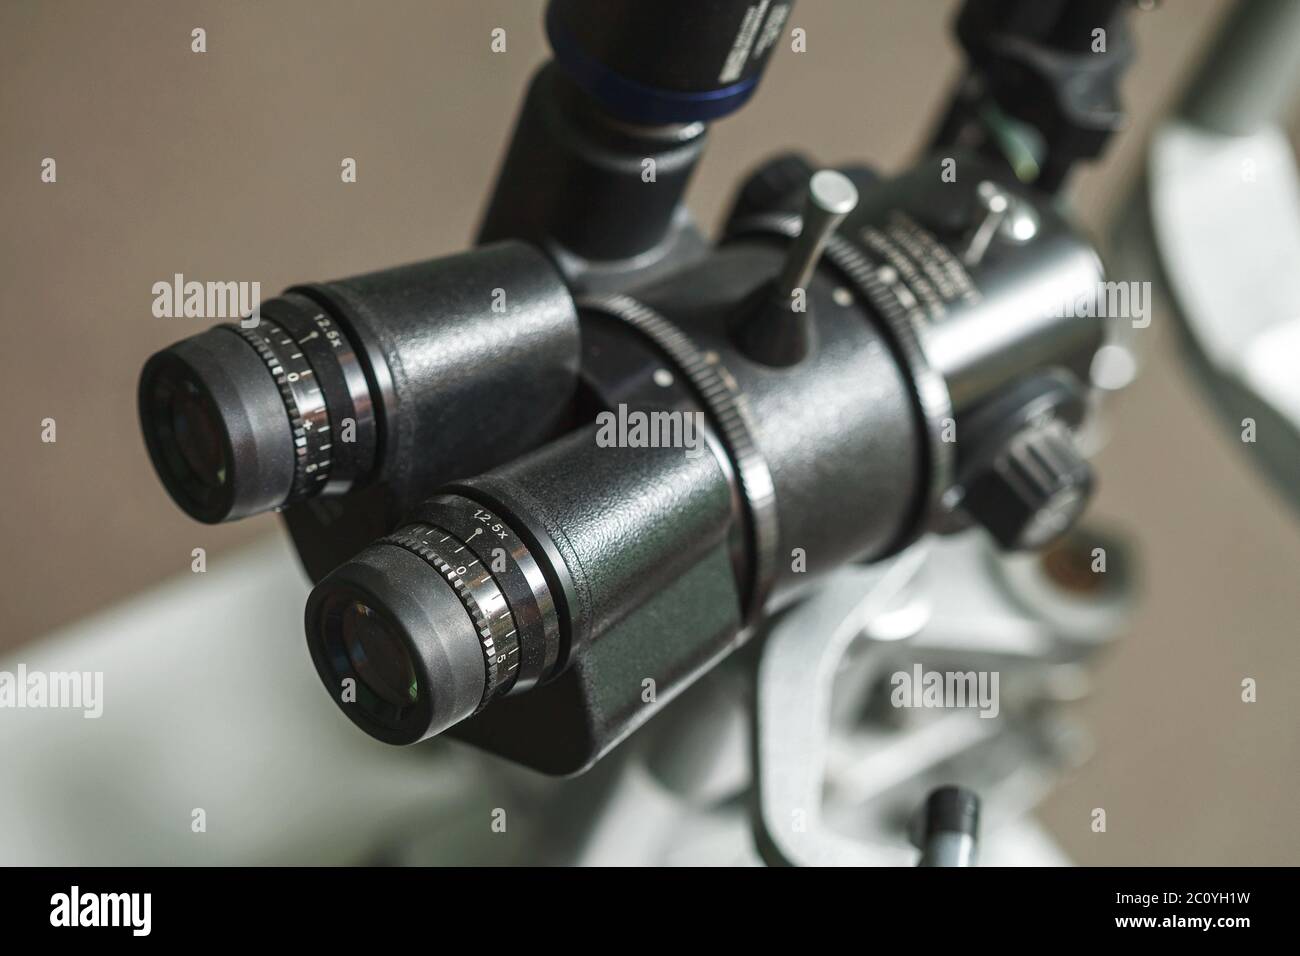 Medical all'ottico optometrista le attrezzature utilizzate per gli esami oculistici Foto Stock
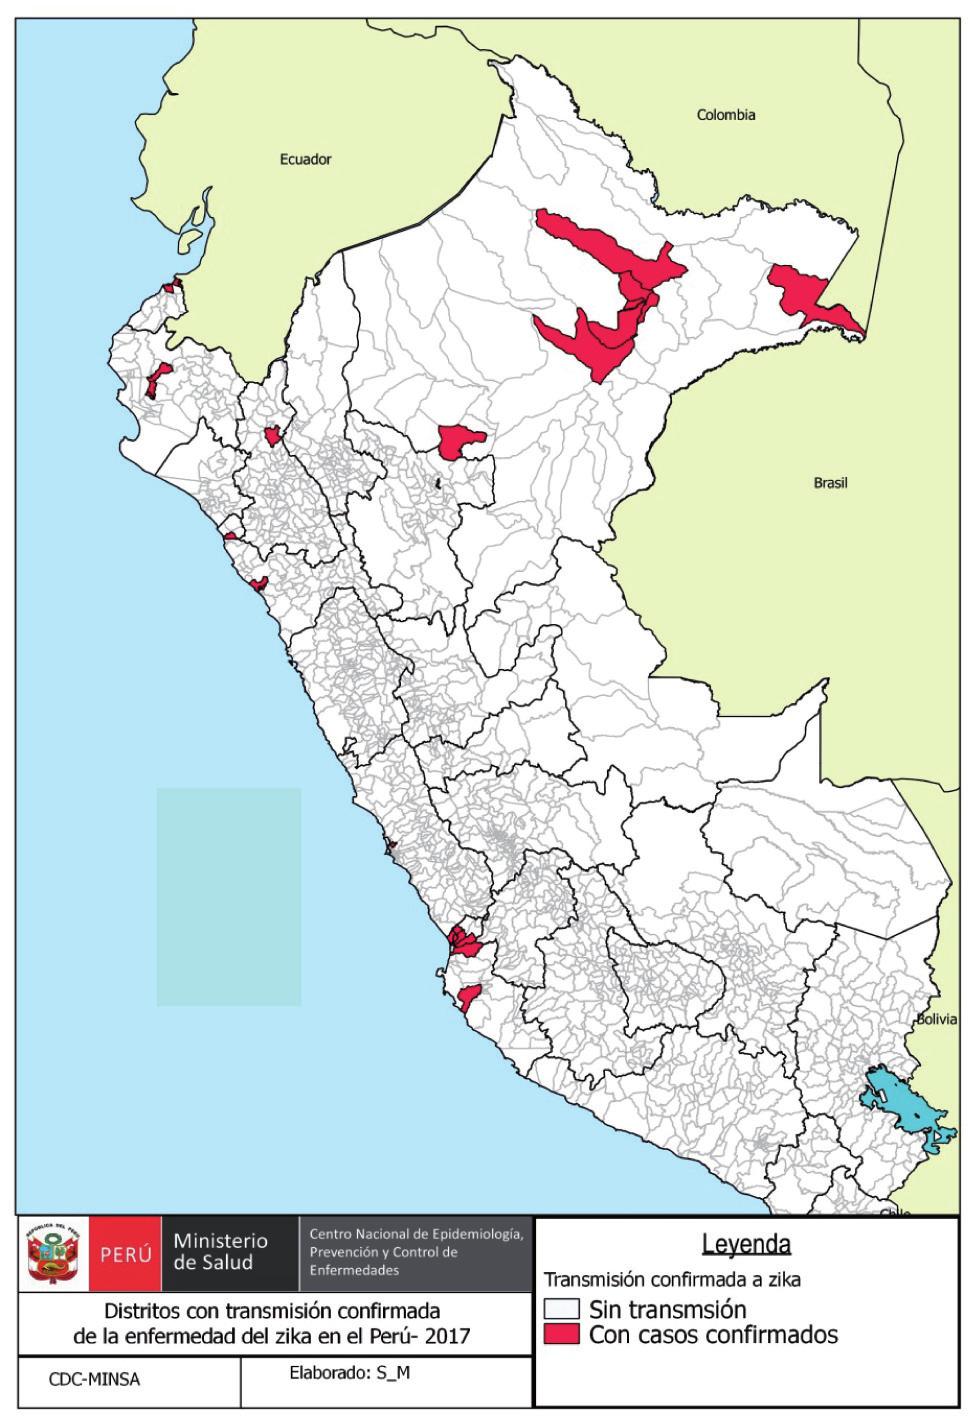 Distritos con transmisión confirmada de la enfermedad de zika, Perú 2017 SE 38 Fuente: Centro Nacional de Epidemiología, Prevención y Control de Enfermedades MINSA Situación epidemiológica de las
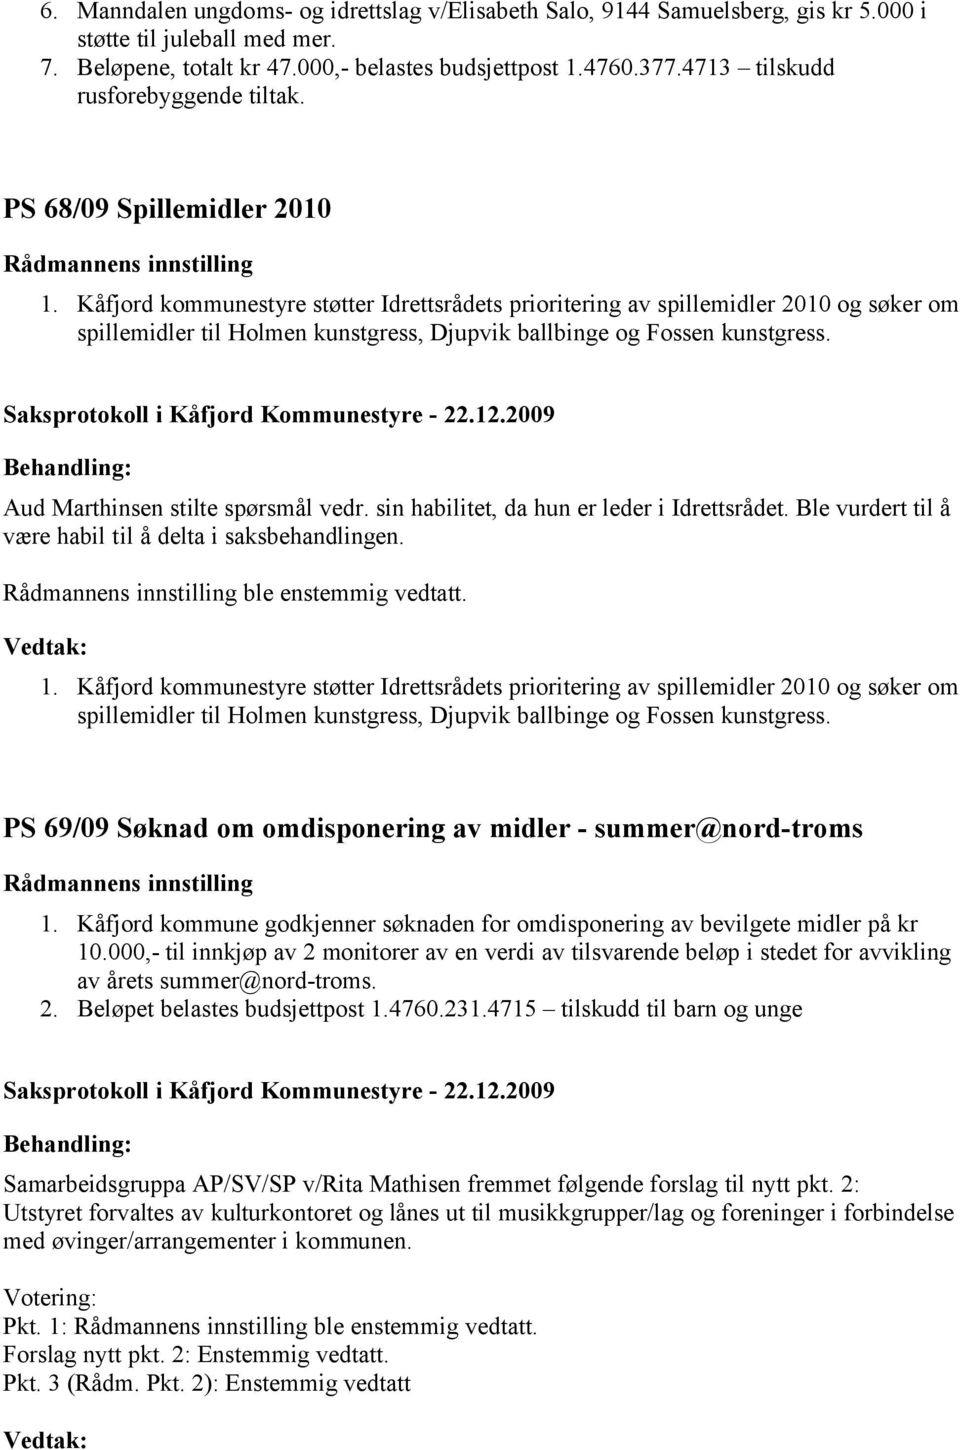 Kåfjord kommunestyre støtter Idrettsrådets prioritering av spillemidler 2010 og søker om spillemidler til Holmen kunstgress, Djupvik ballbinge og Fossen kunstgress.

* [What you will do] Every line of the data above should be repeated exactly. Omit the pictures.

* [Exercise result]
 Medical all'ottico optometrista le attrezzature utilizzate per gli esami oculistici Foto Stock
 Distritos con transmisión confirmada de la enfermedad de zika, Perú 2017 SE 38 Fuente: Centro Nacional de Epidemiología, Prevención y Control de Enfermedades MINSA Situación epidemiológica de las
 Kåfjord kommunestyre støtter Idrettsrådets prioritering av spillemidler 2010 og søker om spillemidler til Holmen kunstgress, Djupvik ballbinge og Fossen kunstgress.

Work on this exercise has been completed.